- Region: West Region, Singapore
- Electorate: 28,071

Former constituency
- Created: 2011; 15 years ago
- Abolished: 2025; 1 year ago
- Seats: 1
- Member: Constituency abolished
- Town Council: Chua Chu Kang
- Created from: Hong Kah GRC
- Replaced by: Chua Chu Kang GRC (Tengah); Jurong East–Bukit Batok GRC (Bukit Batok West);

= Hong Kah North Single Member Constituency =

Former constituency in Singapore

The Hong Kah North Single Member Constituency was a single member constituency (SMC) in the west of Singapore. At abolition, it was managed by Chua Chu Kang Town Council.

== History ==
Prior to the 2011 general election, the constituency was carved out of Hong Kah Group Representation Constituency (GRC) as a SMC; it had previously been a division in said GRC. Hong Kah GRC was abolished at the same time in favour of Chua Chu Kang GRC. Amy Khor, the incumbent Member of Parliament (MP) for the GRC division, sought reelection in the SMC as the candidate for the governing People's Action Party (PAP); she won 70.61% of the vote against Sin Kek Tong, the chairman of the Singapore People's Party (SPP). She went on to win an increased 74.76% of the vote in 2015 against Ravi Philemon, also from the SPP.
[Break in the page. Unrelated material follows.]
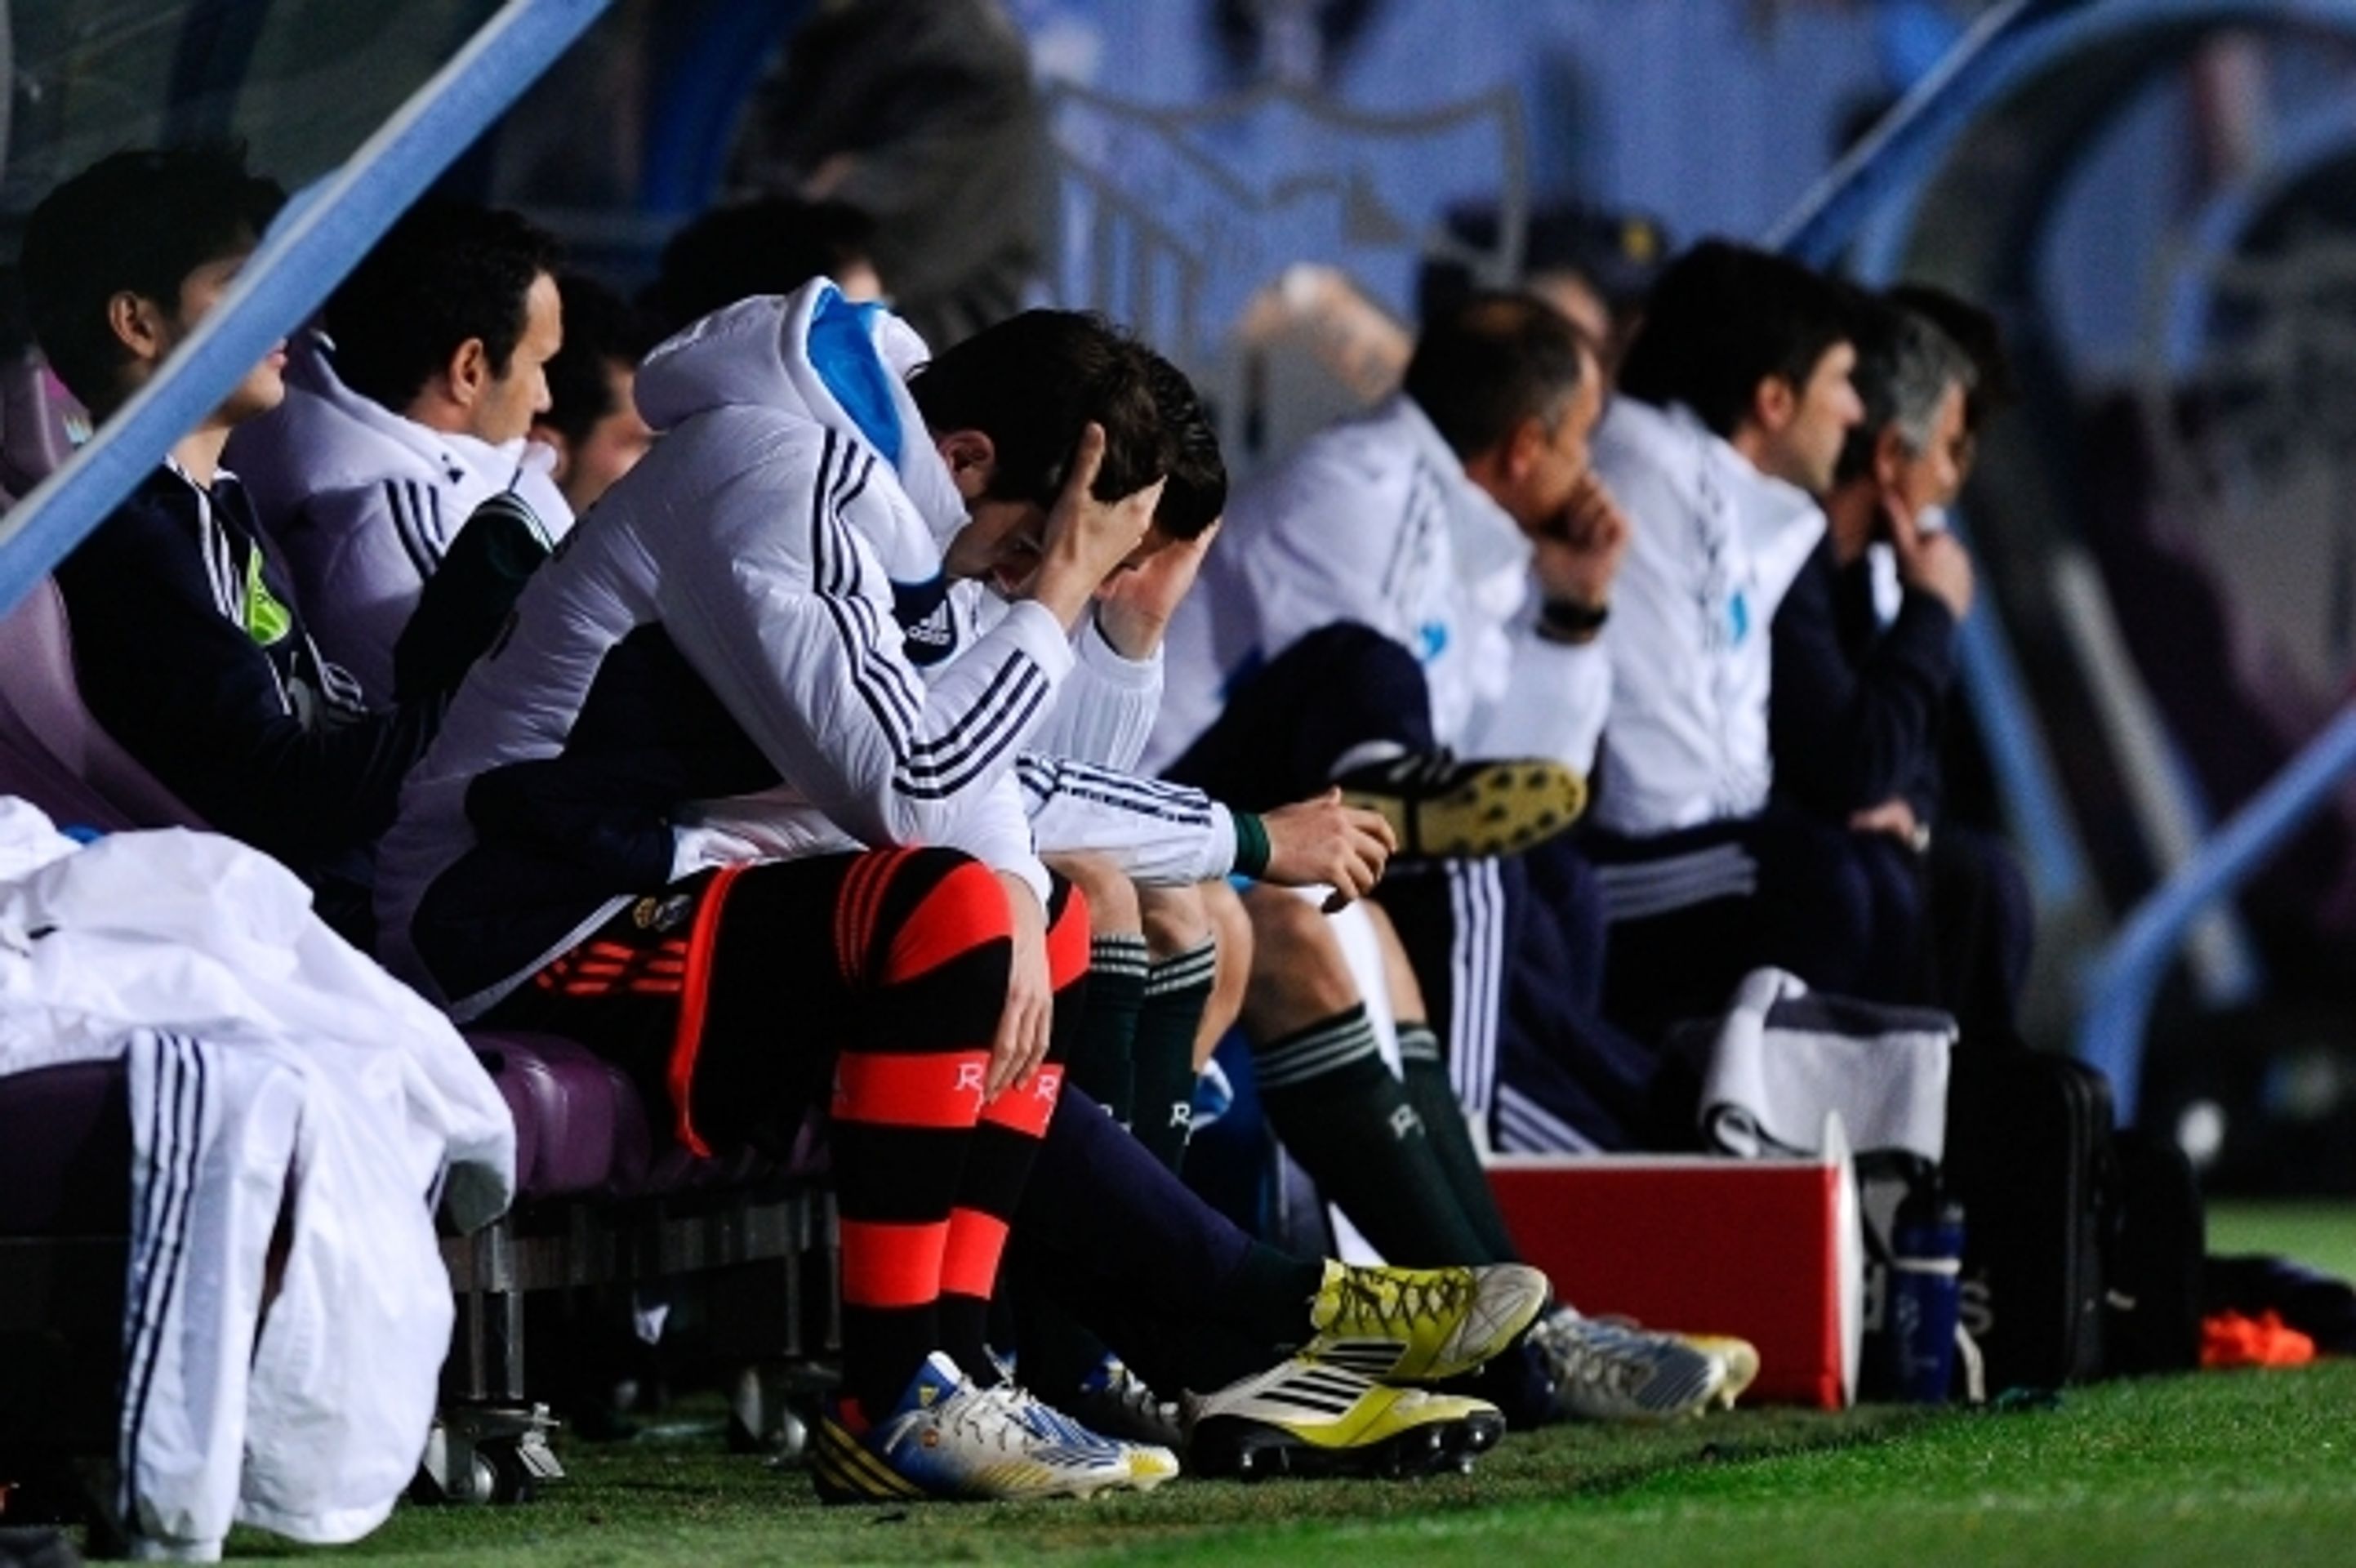 Iker Casillas a jeho reakce na lavičce Realu - 2 - GALERIE: Iker Casillas na lavičce Realu (4/6)

In 2020, the constituency lost its Jurong West section to West Coast and Chua Chu Kang GRCs; in return, it received the remainder of Tengah from Chua Chu Kang GRC. Khor won reelection against Gigene Wong from the Progress Singapore Party (PSP) with a decreased 60.99% of the vote.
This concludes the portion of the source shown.